The same issue comes up when the natural numbers are defined by the Peano axioms, where we don't have addition defined ahead of time.  It's important there because it is essential to know that there isn't some special "inaccessible" natural number that we might call $\infty$ that can't be reached by counting up from $1$.  The Peano axioms settle this with a slightly different notion of induction, but it is the same idea that we can have a set with an infinite number of elements but still be able to prove truths about all of them with a finite amount of work.
A: There is a serious problem in the definition you have been given! Basically, it is circular!! One cannot construct $ℝ$ unless one already has a set $ℕ$ with constants $0,1∈ℕ$ and binary operations $+,·$ on $ℕ$ such that $(ℕ,0,1,+,·)$ satisfies PA, and PA includes induction!  For an actually proper mathematical construction of $(ℝ,0,1,+,·)$ from $(ℕ,0,1,+,·)$, you can consult Spivak's "Calculus". So whoever gave you this circular 'definition' of natural numbers clearly does not know that it actually does nothing from a proper foundational perspective. And if foundations are not the point, then there is absolutely no reason to talk about inductive sets!

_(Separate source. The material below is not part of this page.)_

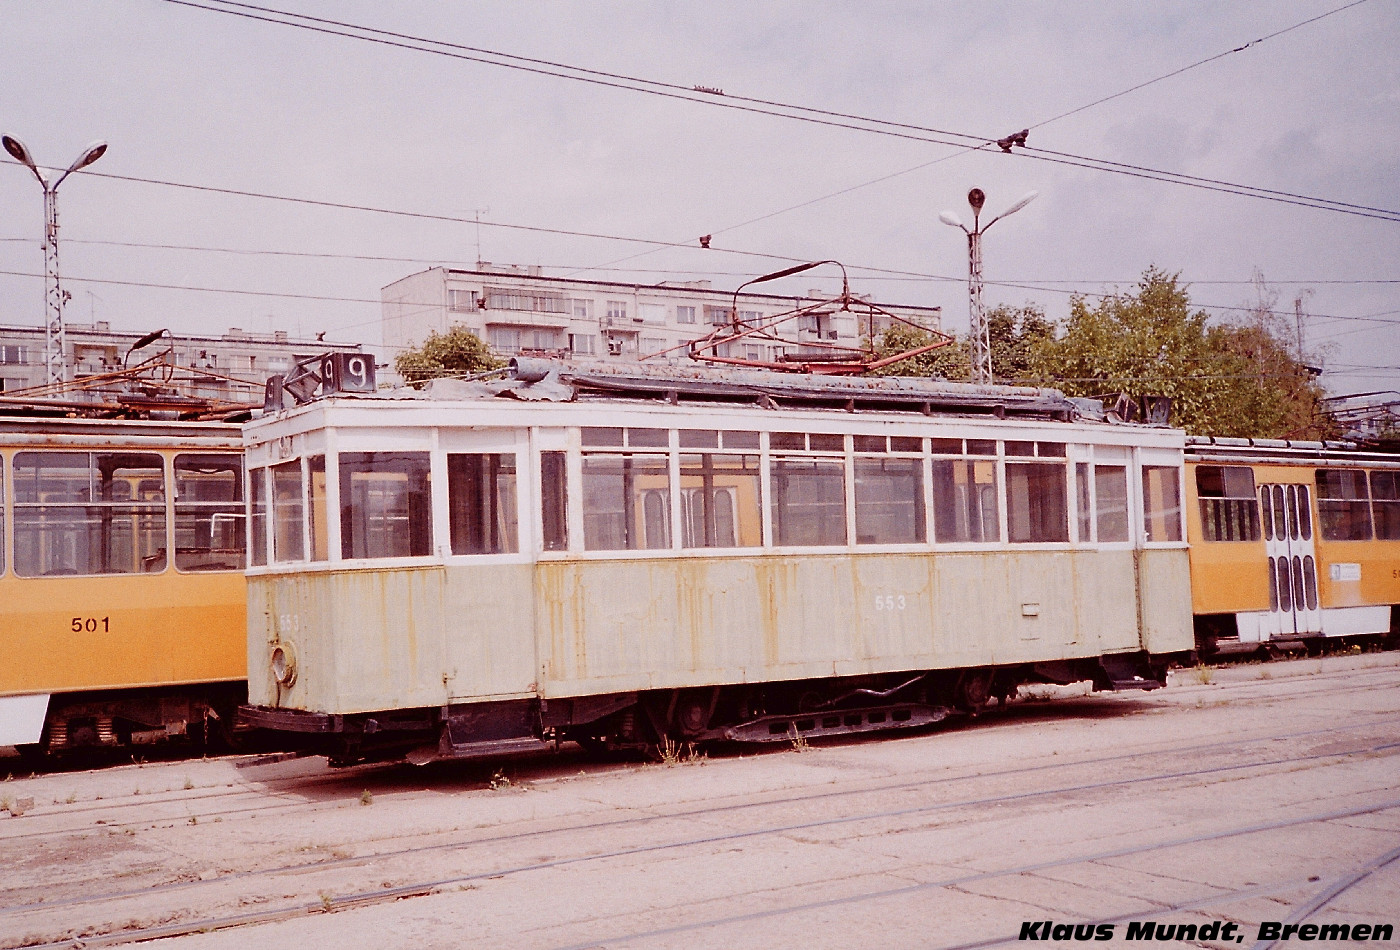 Miscellaneous 2-axle tram #553

Patrick has hinted at, but not really explained, the true meaning of the idea of inductive sets. This is a matter of set theory. Historically, some people did not like having to axiomatize $ℕ$ via all the axioms of PA, and sought to reduce everything to set theory. They did so via introducing the notion of an inductive set. Formally, a set $S$ is inductive iff $∅∈S ∧ ∀x{∈}S\ ( \ x∪\{x\}∈S \ )$. The problem is, there is no way to prove the existence of an inductive set without using some assumption of the same kind! So they decided to simply add an axiom (to the set theory they were building) that just baldly asserts the existence of an inductive set. Though such an assumption cannot be justified non-circularly, it does get us somewhere, because from that and other set-theoretic axioms we can prove that there is an inductive set that satisfies induction!
$
\def\ind{\text{Ind}}
$
Namely, define $\ind(S)$ to denote that $S$ is inductive. Let $I$ be such that $\ind(I)$ (by the axiom that an inductive set exists). Let $N = \{ x : x∈I ∧ ∀S\ ( \ \ind(S) ⇒ x∈S ) \ \}$. Then we can prove that $∀S\ ( \ \ind(S) ⇒ N⊆S \ )$. From this we get $∀S{⊆}N\ ( \ \ind(S) ⇒ S=N \ )$, which is what we call induction in set theory. Note that the specific initial element and successor operation we use in the definition of an inductive set is not essential, except that it must be definable. In the above definition we used initial element $∅$ and successor operation $( \ x ↦ x∪\{x\} \ )$. However, if you study set theory later you will see that it is most convenient to use this particular choices, and one reason is that you can define for every $k,m∈N$ that $k<m$ iff $k∈m$.